Define the application in YAML format using kind: StatefulSet.

The StatefulSet Controller handles the deployment and management of the required replicas. Data is written to persistent storage, provided by Azure Managed Disks or Azure Files.

With StatefulSets, the underlying persistent storage remains, even when the StatefulSet is deleted.

DaemonSets

Documentation: doc

Info

For specific log collection or monitoring, you may need to run a pod on all nodes or a select set of nodes. You can use DaemonSets to deploy to one or more identical pods. The DaemonSet Controller ensures that each node specified runs an instance of the pod.

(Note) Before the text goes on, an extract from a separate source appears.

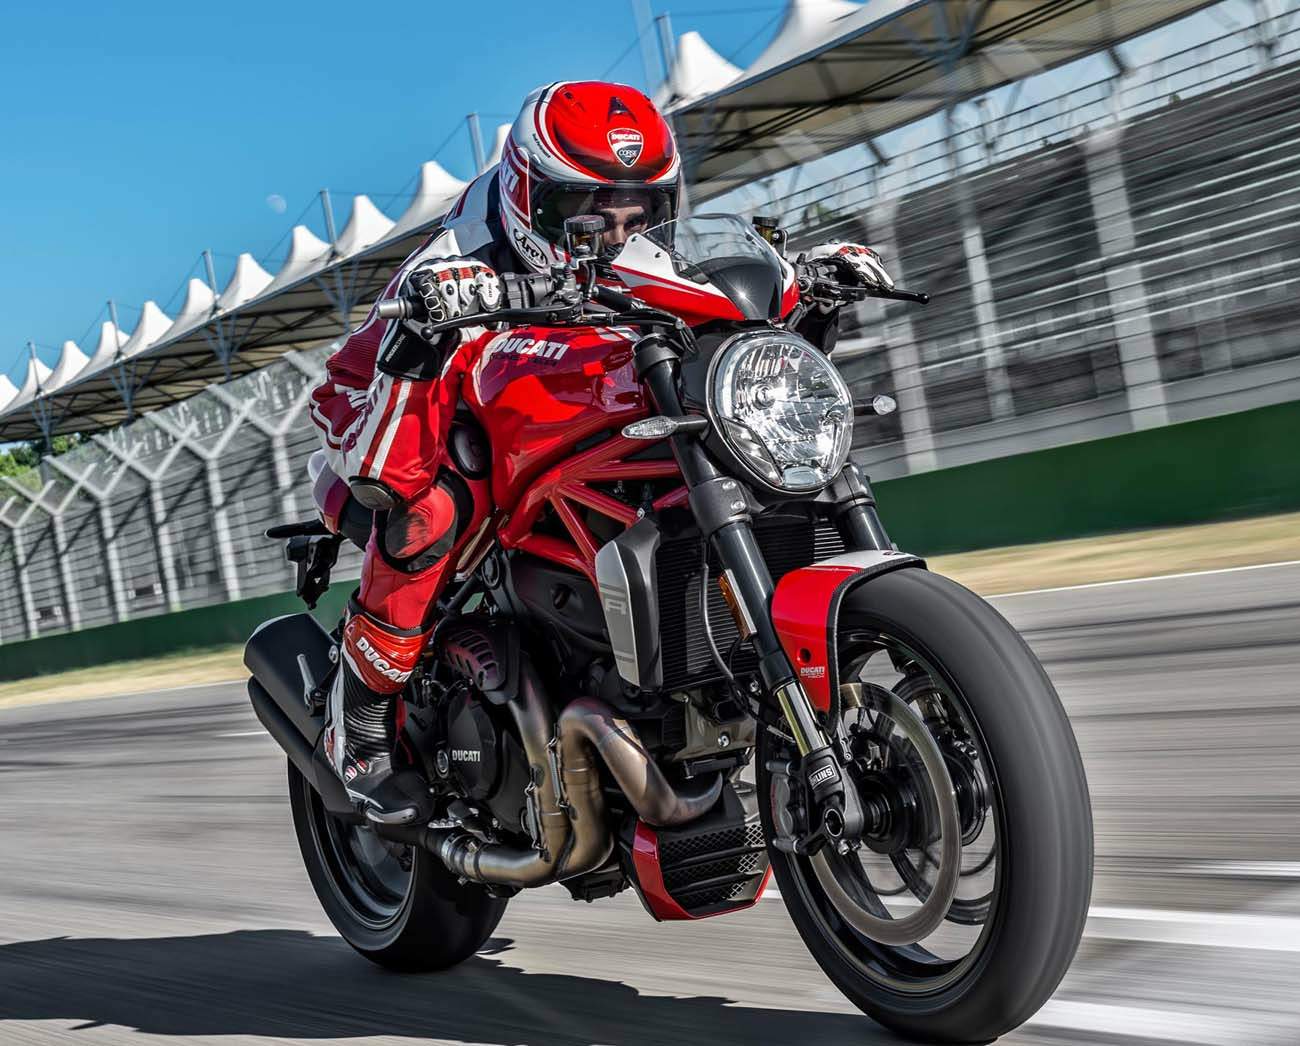 Ducati Monster 1200R technical specifications

The DaemonSet Controller can schedule pods on nodes early in the cluster boot process, before the default Kubernetes scheduler has started. This ability ensures that the pods in a DaemonSet are started before traditional pods in a Deployment or StatefulSet are scheduled.

Like StatefulSets, a DaemonSet is defined as part of a YAML definition using kind: DaemonSet.

CronJob & Jobs

Documentation: doc

Definition

Abstract

What is cronjobs ?

A CronJob creates Jobs on a repeating schedule.

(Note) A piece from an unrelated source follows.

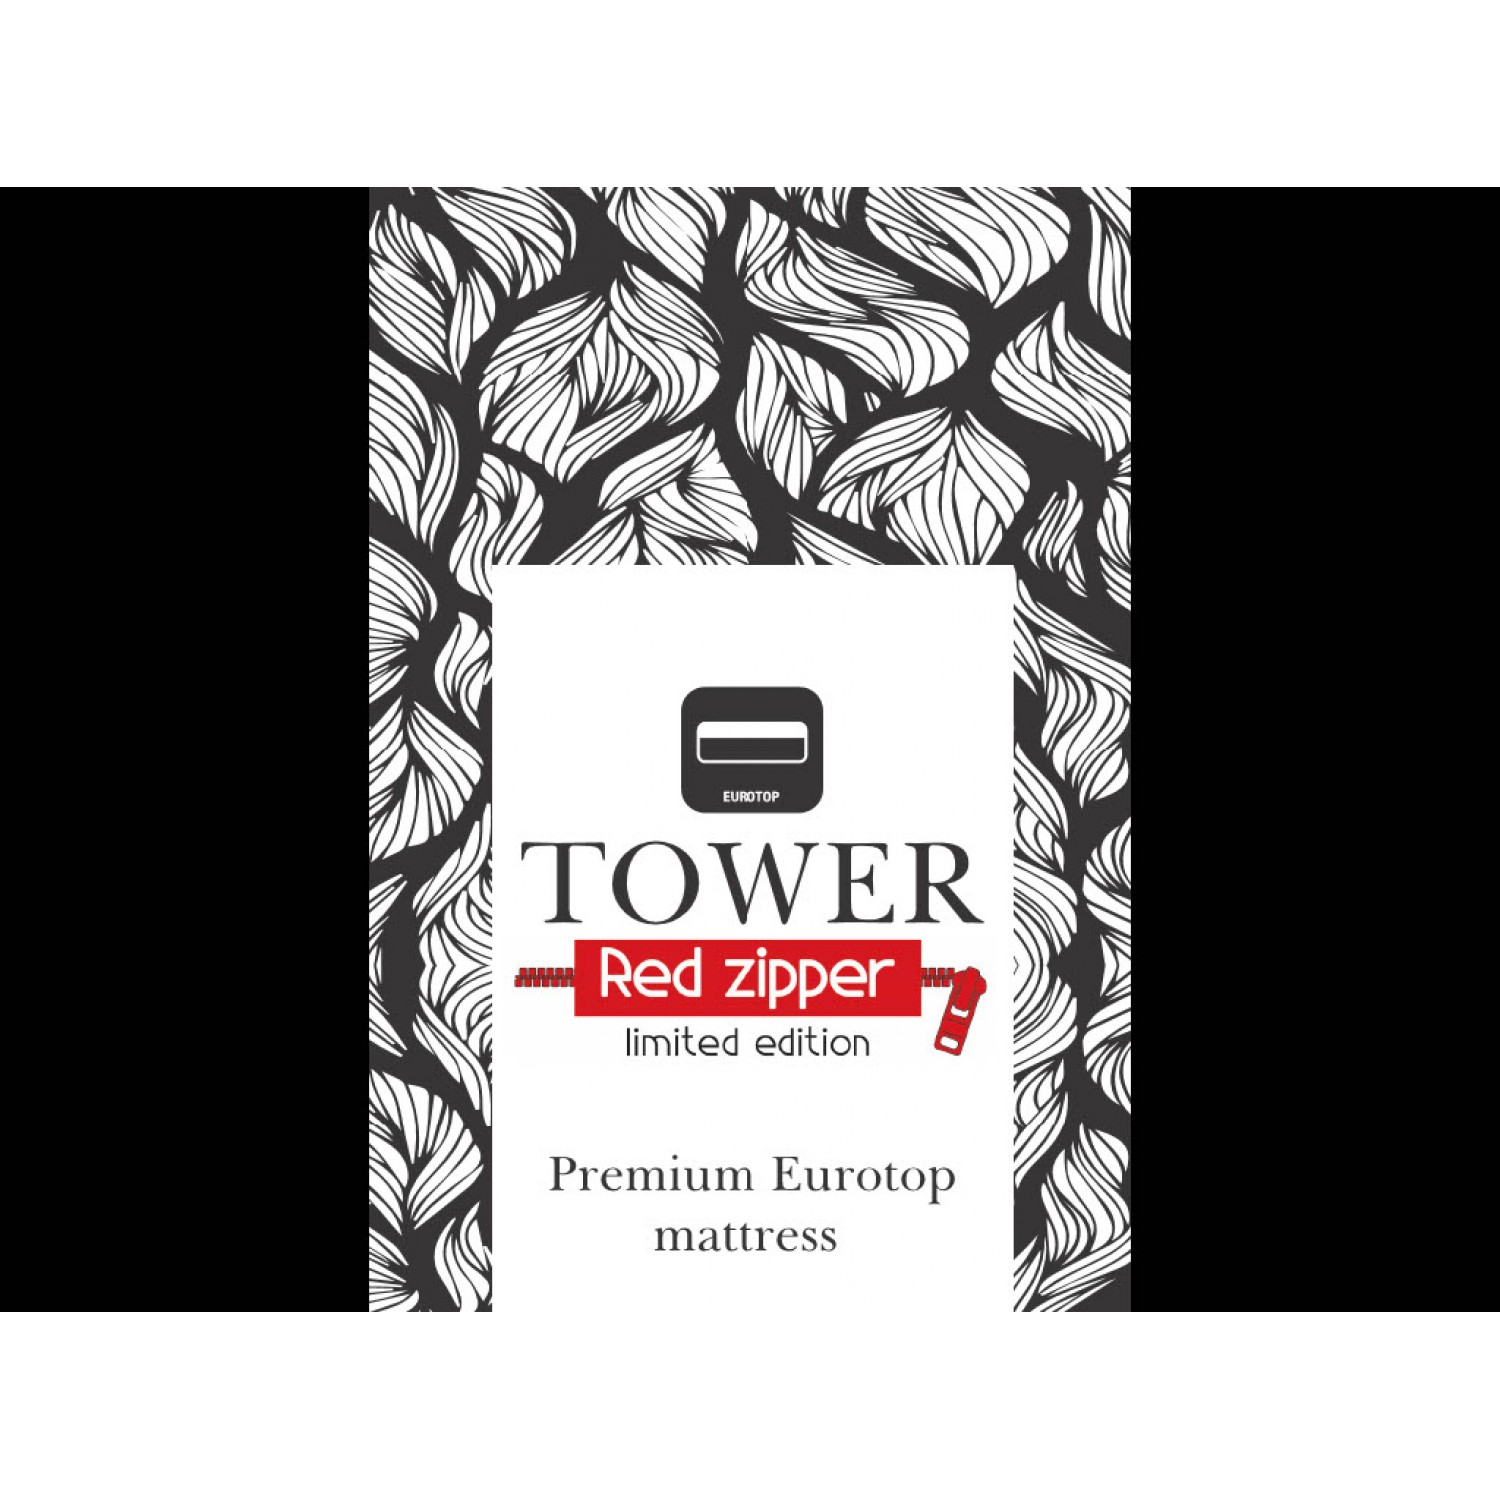 TOWER - Red Zipper_Limited Edition

CronJob is meant for performing regular scheduled actions such as backups, report generation, and so on. One CronJob object is like one line of a crontab (cron table) file on a Unix system. It runs a Job periodically on a given schedule, written in Cron format.

What is jobs ?

A Job creates one or more Pods and will continue to retry execution of the Pods until a specified number of them successfully terminate. As pods successfully complete, the Job tracks the successful completions. When a specified number of successful completions is reached, the task (ie, Job) is complete. Deleting a Job will clean up the Pods it created. Suspending a Job will delete its active Pods until the Job is resumed again.

A simple case is to create one Job object in order to reliably run one Pod to completion. The Job object will start a new Pod if the first Pod fails or is deleted (for example due to a node hardware failure or a node reboot).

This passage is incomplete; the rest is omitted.